Assignment:
For the material that follows, return exactly the lines from the one with "Stone Colour with" through the one with "light blue tray", both ends included.

+--

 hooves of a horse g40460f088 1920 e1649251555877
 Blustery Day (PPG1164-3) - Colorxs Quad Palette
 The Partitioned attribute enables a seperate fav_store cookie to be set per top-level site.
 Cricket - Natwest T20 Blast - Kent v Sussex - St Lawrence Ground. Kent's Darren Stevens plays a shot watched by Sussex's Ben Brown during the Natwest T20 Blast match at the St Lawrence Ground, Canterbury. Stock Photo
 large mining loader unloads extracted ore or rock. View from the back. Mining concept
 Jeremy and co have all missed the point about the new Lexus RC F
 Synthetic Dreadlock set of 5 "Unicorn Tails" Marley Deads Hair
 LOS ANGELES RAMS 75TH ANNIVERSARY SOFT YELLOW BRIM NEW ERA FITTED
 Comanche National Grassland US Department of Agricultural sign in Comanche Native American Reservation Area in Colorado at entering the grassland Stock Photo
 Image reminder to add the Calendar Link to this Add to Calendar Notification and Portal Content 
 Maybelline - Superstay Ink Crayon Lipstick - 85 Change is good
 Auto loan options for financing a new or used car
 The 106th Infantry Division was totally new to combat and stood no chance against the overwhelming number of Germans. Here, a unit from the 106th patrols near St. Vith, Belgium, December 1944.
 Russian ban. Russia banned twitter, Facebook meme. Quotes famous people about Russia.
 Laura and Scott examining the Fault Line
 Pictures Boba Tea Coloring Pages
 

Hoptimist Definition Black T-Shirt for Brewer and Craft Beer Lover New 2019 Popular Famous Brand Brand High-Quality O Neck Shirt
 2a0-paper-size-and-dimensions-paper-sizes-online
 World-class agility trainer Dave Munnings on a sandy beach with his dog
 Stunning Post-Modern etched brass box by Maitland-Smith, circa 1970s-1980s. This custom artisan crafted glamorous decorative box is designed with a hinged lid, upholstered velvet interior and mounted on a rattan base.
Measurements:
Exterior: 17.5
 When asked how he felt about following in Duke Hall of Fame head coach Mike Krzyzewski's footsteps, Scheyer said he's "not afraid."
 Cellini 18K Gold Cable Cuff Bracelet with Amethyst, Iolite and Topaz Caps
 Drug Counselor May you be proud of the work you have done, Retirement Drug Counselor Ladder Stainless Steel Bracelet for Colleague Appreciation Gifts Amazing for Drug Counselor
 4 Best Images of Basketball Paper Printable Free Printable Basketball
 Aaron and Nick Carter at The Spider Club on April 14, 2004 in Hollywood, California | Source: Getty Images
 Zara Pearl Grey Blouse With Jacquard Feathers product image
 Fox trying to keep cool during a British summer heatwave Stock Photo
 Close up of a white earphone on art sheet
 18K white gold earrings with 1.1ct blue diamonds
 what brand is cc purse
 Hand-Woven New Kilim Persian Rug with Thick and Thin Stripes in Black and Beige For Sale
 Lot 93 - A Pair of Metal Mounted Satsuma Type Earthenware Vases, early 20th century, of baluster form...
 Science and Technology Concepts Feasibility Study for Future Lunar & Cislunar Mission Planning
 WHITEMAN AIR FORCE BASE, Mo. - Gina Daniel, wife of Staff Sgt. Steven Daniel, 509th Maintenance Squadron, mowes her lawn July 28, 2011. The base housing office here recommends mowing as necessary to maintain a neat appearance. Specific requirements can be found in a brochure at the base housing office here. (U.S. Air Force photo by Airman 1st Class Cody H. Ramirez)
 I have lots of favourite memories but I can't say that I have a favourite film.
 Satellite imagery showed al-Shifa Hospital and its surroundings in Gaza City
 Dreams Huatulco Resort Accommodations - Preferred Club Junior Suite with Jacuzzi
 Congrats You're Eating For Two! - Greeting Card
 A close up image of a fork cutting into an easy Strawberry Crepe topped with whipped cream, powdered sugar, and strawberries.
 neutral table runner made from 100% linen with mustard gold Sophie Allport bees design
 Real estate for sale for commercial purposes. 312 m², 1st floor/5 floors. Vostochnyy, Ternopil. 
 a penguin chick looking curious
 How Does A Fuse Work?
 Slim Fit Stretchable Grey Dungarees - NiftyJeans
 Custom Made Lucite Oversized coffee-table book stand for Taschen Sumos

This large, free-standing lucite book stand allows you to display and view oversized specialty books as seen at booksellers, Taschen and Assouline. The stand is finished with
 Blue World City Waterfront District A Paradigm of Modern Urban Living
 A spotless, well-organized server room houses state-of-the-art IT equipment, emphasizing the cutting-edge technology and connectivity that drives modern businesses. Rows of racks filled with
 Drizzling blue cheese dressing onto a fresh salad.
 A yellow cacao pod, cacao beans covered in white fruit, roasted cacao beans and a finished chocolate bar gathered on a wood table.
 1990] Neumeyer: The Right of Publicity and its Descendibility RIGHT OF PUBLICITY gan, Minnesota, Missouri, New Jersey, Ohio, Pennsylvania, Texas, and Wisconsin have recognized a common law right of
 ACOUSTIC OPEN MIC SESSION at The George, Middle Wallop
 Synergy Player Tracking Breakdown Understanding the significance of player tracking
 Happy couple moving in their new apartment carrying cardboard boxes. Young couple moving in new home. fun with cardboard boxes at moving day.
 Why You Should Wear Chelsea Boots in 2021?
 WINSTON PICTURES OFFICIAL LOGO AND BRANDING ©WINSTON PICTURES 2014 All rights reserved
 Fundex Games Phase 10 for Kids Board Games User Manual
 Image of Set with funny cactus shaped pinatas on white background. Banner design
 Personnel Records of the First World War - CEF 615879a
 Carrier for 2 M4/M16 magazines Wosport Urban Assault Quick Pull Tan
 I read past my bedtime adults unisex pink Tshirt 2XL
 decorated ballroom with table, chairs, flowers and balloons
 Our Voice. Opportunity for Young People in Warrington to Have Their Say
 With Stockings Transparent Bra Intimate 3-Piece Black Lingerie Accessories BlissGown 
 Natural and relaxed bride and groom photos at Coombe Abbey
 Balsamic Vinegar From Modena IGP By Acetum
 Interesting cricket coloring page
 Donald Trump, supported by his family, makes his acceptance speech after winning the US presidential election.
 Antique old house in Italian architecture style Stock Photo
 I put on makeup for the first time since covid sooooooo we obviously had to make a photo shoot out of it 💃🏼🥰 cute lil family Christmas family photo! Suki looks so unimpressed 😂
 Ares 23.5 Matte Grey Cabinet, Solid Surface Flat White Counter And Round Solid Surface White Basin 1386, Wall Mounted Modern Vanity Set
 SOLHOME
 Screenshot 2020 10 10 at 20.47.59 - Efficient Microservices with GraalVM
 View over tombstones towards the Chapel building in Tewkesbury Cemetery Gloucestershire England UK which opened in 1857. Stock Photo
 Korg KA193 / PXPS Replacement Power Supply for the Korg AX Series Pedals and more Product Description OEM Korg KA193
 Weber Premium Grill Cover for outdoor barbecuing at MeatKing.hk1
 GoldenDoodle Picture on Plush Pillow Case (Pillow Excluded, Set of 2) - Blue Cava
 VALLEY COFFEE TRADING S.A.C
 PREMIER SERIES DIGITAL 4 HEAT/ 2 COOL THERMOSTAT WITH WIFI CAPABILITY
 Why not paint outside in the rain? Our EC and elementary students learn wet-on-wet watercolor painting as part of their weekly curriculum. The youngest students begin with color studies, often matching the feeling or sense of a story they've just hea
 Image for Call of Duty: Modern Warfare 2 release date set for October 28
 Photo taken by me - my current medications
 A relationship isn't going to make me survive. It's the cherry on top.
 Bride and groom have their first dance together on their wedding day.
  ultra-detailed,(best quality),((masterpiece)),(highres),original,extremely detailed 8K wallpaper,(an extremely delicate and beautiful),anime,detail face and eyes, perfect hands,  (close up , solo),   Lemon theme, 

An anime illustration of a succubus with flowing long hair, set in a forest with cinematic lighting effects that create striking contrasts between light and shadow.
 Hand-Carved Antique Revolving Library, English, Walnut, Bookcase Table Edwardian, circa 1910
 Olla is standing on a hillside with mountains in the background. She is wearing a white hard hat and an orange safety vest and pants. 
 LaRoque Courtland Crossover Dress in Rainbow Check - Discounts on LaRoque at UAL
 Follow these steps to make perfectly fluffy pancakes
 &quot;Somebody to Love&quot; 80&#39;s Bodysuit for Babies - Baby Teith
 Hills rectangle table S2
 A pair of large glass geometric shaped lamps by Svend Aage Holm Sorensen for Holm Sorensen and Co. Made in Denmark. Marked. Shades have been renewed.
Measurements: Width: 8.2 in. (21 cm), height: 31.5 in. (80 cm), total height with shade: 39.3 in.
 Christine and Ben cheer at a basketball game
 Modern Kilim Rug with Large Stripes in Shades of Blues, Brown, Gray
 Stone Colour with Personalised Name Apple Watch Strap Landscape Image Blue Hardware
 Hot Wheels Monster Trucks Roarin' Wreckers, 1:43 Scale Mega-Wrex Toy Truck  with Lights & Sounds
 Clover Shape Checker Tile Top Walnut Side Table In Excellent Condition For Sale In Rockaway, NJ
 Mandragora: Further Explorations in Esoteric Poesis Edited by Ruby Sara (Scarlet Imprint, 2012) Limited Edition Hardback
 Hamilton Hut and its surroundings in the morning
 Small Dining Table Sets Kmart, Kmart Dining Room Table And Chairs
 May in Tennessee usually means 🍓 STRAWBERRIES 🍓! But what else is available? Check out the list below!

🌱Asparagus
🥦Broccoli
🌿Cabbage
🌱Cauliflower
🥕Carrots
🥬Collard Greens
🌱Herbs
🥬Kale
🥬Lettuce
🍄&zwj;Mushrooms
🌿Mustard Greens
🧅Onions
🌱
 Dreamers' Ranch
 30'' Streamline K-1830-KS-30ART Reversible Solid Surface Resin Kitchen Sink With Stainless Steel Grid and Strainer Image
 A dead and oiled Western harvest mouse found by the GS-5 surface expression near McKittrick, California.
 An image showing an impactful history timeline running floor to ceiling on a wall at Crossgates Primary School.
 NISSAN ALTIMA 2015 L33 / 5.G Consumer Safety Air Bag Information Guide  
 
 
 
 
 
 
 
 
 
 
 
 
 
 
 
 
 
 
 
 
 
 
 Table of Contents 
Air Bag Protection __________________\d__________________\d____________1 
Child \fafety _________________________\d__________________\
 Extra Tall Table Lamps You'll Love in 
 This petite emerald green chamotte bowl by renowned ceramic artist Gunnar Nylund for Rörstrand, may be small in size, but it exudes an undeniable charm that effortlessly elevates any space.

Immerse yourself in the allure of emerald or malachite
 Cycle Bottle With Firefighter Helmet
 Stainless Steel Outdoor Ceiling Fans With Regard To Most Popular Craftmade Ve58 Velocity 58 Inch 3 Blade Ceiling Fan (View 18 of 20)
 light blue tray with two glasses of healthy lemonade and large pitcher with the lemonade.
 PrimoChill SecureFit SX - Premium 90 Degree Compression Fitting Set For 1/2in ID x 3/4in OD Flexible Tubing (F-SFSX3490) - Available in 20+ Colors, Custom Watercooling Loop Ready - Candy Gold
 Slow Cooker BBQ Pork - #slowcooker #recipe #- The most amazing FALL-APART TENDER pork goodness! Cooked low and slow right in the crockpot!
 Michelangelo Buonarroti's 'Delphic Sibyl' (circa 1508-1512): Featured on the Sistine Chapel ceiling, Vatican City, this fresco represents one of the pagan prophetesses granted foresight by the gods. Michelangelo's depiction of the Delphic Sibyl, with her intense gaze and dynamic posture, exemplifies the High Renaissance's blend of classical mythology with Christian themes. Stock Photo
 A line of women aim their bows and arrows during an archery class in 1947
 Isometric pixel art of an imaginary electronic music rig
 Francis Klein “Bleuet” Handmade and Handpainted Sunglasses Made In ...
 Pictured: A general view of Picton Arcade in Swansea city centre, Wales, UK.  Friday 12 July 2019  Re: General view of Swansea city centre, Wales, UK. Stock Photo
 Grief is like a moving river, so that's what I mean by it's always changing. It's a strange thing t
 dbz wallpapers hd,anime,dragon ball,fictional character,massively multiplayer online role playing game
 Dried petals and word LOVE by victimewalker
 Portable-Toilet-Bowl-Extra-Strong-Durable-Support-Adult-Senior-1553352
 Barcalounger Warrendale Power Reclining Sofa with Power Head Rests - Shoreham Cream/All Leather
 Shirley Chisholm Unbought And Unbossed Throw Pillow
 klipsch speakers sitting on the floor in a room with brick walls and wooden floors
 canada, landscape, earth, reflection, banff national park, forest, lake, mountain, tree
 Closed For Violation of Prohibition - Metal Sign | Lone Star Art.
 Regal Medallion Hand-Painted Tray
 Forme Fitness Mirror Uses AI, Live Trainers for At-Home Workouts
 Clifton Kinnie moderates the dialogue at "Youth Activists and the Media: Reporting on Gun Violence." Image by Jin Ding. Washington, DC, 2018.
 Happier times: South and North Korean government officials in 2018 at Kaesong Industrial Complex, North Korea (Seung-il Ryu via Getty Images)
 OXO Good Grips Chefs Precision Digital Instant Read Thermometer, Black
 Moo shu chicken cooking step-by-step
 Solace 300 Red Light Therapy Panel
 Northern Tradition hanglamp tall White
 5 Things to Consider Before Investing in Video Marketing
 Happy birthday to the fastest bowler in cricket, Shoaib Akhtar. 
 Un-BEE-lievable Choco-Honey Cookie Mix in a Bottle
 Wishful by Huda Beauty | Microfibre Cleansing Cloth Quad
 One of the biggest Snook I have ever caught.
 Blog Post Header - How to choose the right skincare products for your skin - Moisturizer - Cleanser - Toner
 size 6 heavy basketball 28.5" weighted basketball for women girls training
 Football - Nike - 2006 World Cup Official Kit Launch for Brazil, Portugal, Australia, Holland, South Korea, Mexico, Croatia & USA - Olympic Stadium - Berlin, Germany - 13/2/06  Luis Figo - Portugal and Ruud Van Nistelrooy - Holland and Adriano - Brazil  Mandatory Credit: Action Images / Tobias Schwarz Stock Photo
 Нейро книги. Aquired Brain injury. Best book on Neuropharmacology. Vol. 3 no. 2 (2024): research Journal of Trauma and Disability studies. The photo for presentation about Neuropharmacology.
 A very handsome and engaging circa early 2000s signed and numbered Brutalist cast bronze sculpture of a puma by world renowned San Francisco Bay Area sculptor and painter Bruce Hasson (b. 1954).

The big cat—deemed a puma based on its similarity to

+--

Expected answer:
 Stone Colour with Personalised Name Apple Watch Strap Landscape Image Blue Hardware
 Hot Wheels Monster Trucks Roarin' Wreckers, 1:43 Scale Mega-Wrex Toy Truck  with Lights & Sounds
 Clover Shape Checker Tile Top Walnut Side Table In Excellent Condition For Sale In Rockaway, NJ
 Mandragora: Further Explorations in Esoteric Poesis Edited by Ruby Sara (Scarlet Imprint, 2012) Limited Edition Hardback
 Hamilton Hut and its surroundings in the morning
 Small Dining Table Sets Kmart, Kmart Dining Room Table And Chairs
 May in Tennessee usually means 🍓 STRAWBERRIES 🍓! But what else is available? Check out the list below!

🌱Asparagus
🥦Broccoli
🌿Cabbage
🌱Cauliflower
🥕Carrots
🥬Collard Greens
🌱Herbs
🥬Kale
🥬Lettuce
🍄&zwj;Mushrooms
🌿Mustard Greens
🧅Onions
🌱
 Dreamers' Ranch
 30'' Streamline K-1830-KS-30ART Reversible Solid Surface Resin Kitchen Sink With Stainless Steel Grid and Strainer Image
 A dead and oiled Western harvest mouse found by the GS-5 surface expression near McKittrick, California.
 An image showing an impactful history timeline running floor to ceiling on a wall at Crossgates Primary School.
 NISSAN ALTIMA 2015 L33 / 5.G Consumer Safety Air Bag Information Guide  
 
 
 
 
 
 
 
 
 
 
 
 
 
 
 
 
 
 
 
 
 
 
 Table of Contents 
Air Bag Protection __________________\d__________________\d____________1 
Child \fafety _________________________\d__________________\
 Extra Tall Table Lamps You'll Love in 
 This petite emerald green chamotte bowl by renowned ceramic artist Gunnar Nylund for Rörstrand, may be small in size, but it exudes an undeniable charm that effortlessly elevates any space.

Immerse yourself in the allure of emerald or malachite
 Cycle Bottle With Firefighter Helmet
 Stainless Steel Outdoor Ceiling Fans With Regard To Most Popular Craftmade Ve58 Velocity 58 Inch 3 Blade Ceiling Fan (View 18 of 20)
 light blue tray with two glasses of healthy lemonade and large pitcher with the lemonade.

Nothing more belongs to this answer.